- Exercise details -
The listing below should be reproduced exactly, with the pictures omitted.

- Exercise data -
=-=-=

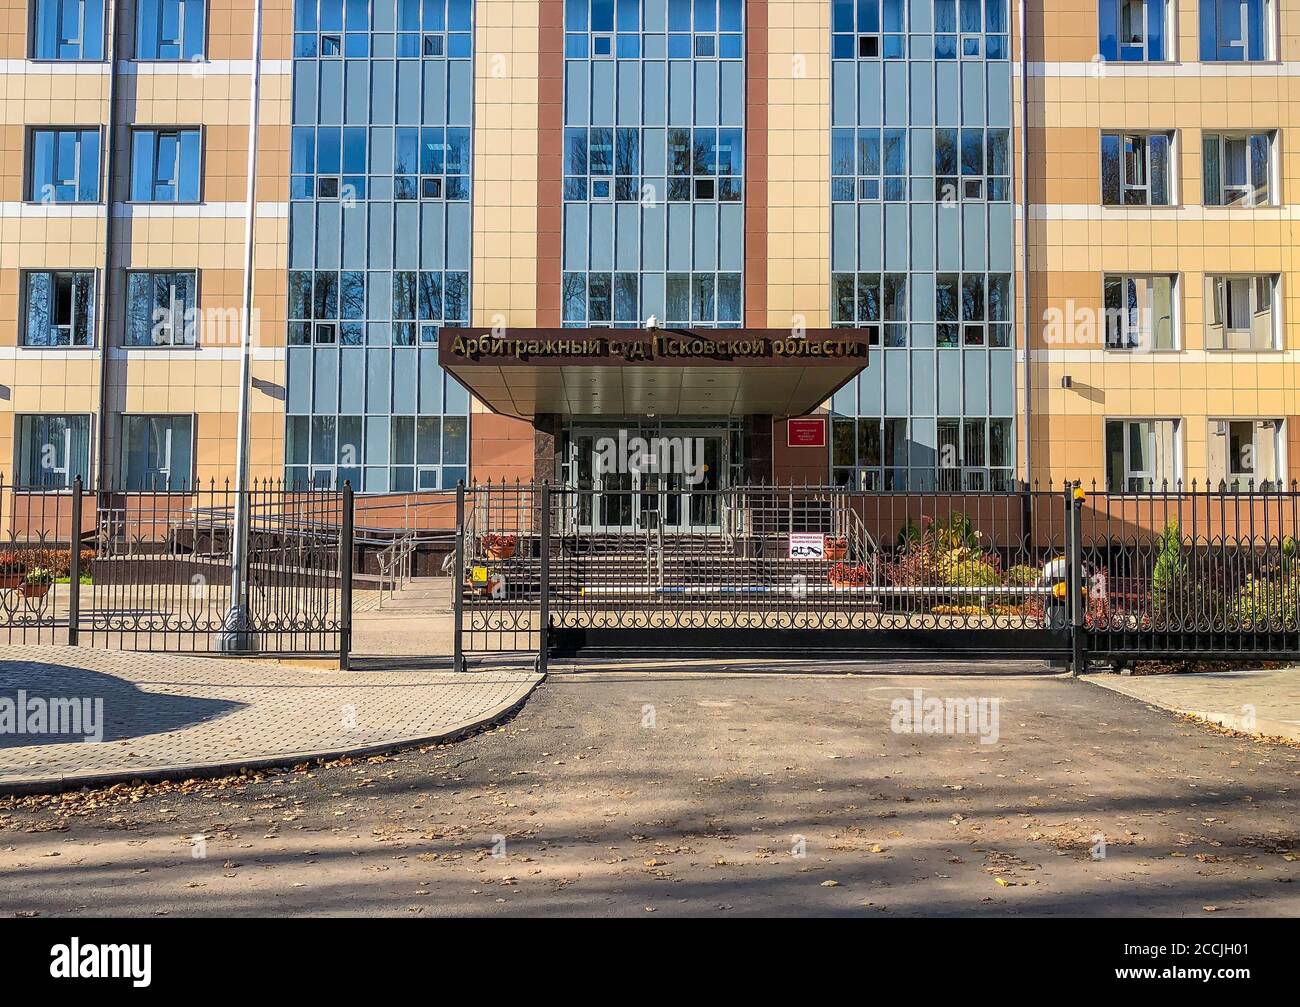 Pskov, Fédération de Russie - 16 octobre 2018 : façade du bâtiment du tribunal d'arbitrage de la région de Pskov. Banque D'Images
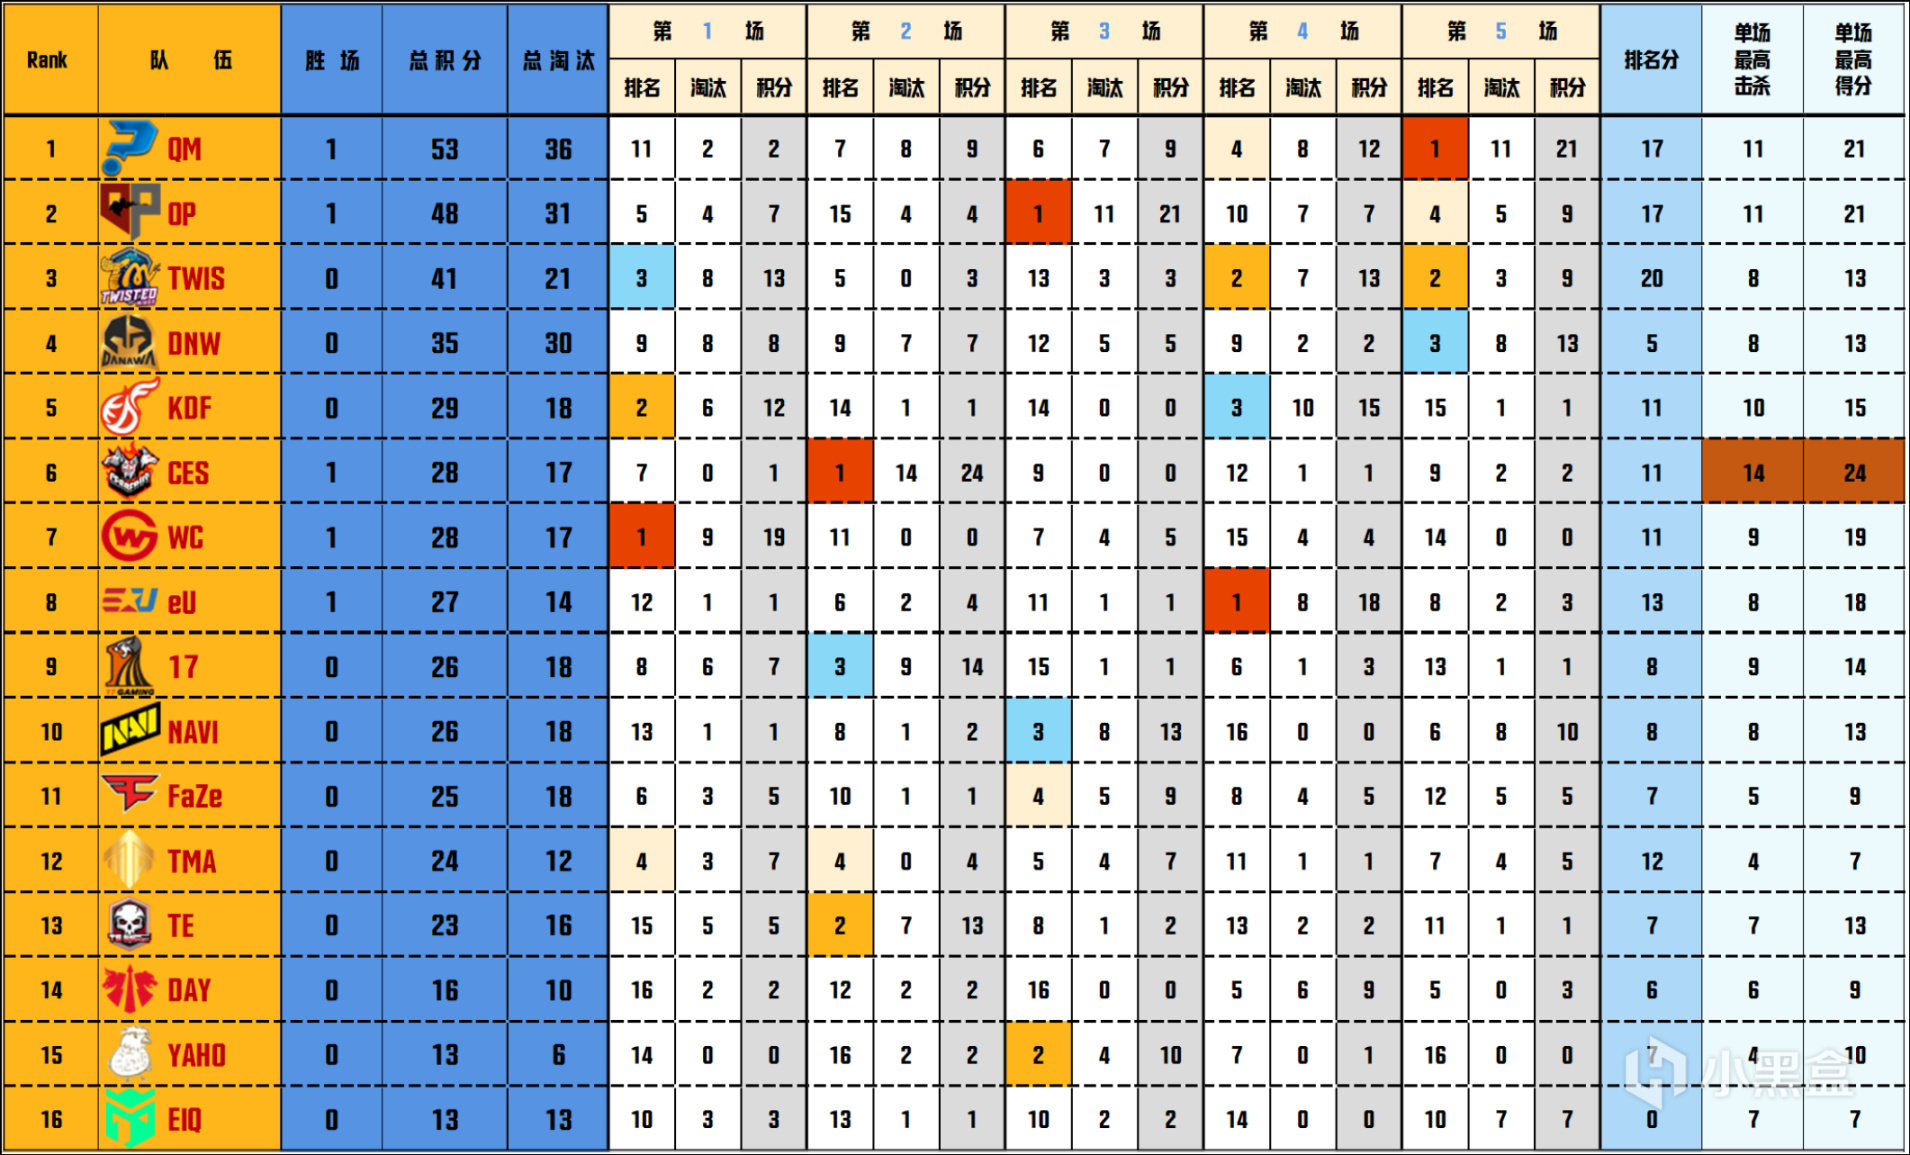 【数据流】PGC决赛D3/4,TWIS 140分来到榜首,DNW_seoul战神31淘汰-第2张
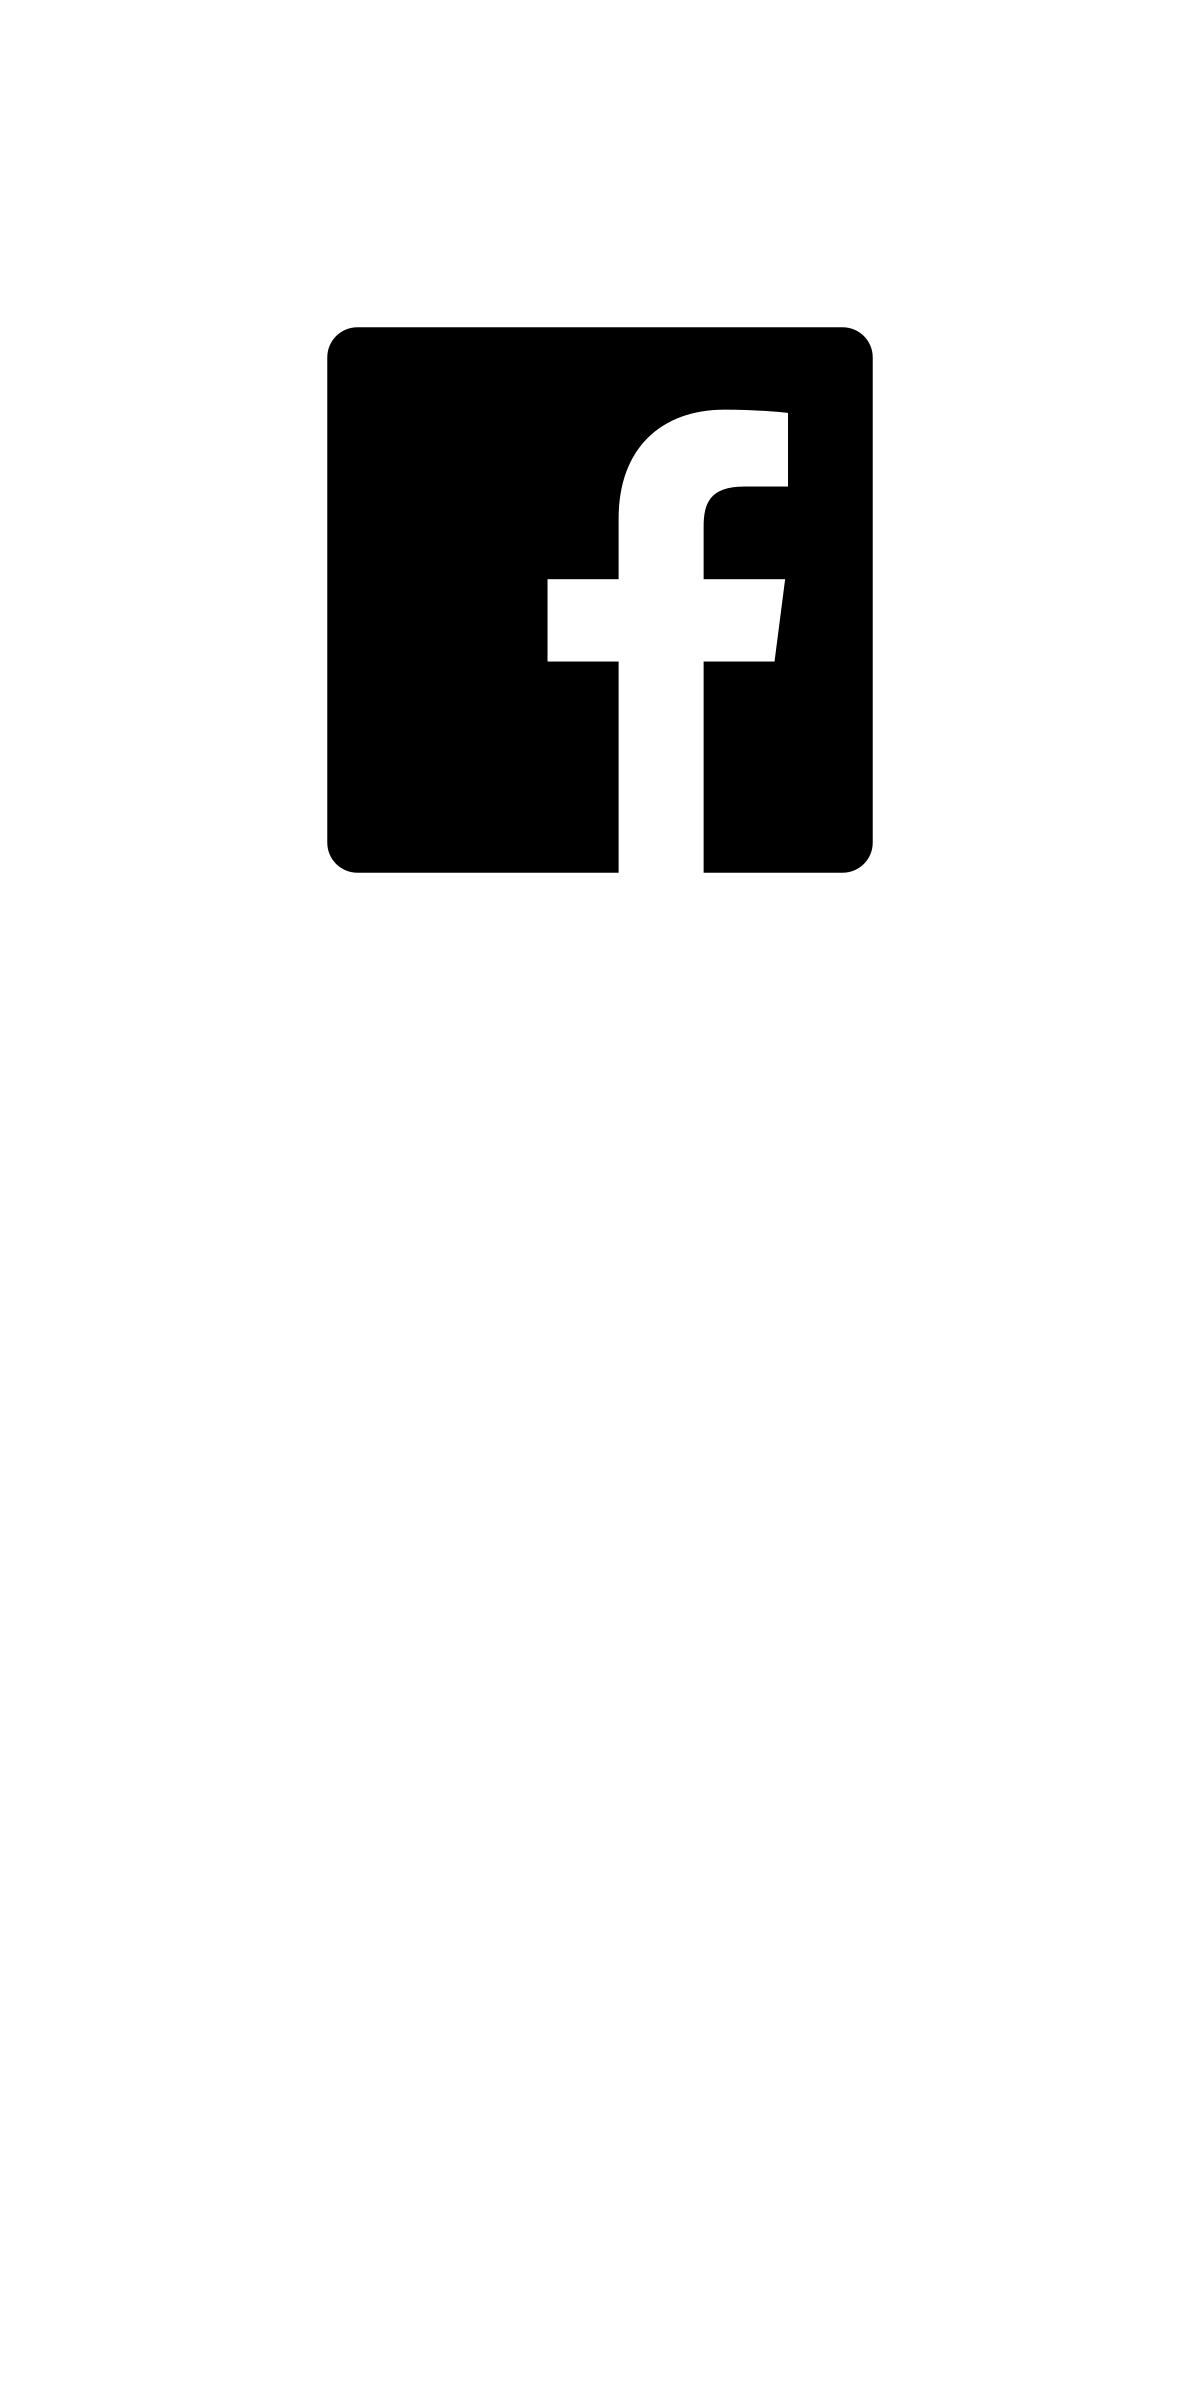 Facebook logo أبيض وأسود PNG صورة شفافة

=-=-=

- Written response -
 Pskov, Fédération de Russie - 16 octobre 2018 : façade du bâtiment du tribunal d'arbitrage de la région de Pskov. Banque D'Images
 【数据流】PGC决赛D3/4,TWIS 140分来到榜首,DNW_seoul战神31淘汰-第2张
 Facebook logo أبيض وأسود PNG صورة شفافة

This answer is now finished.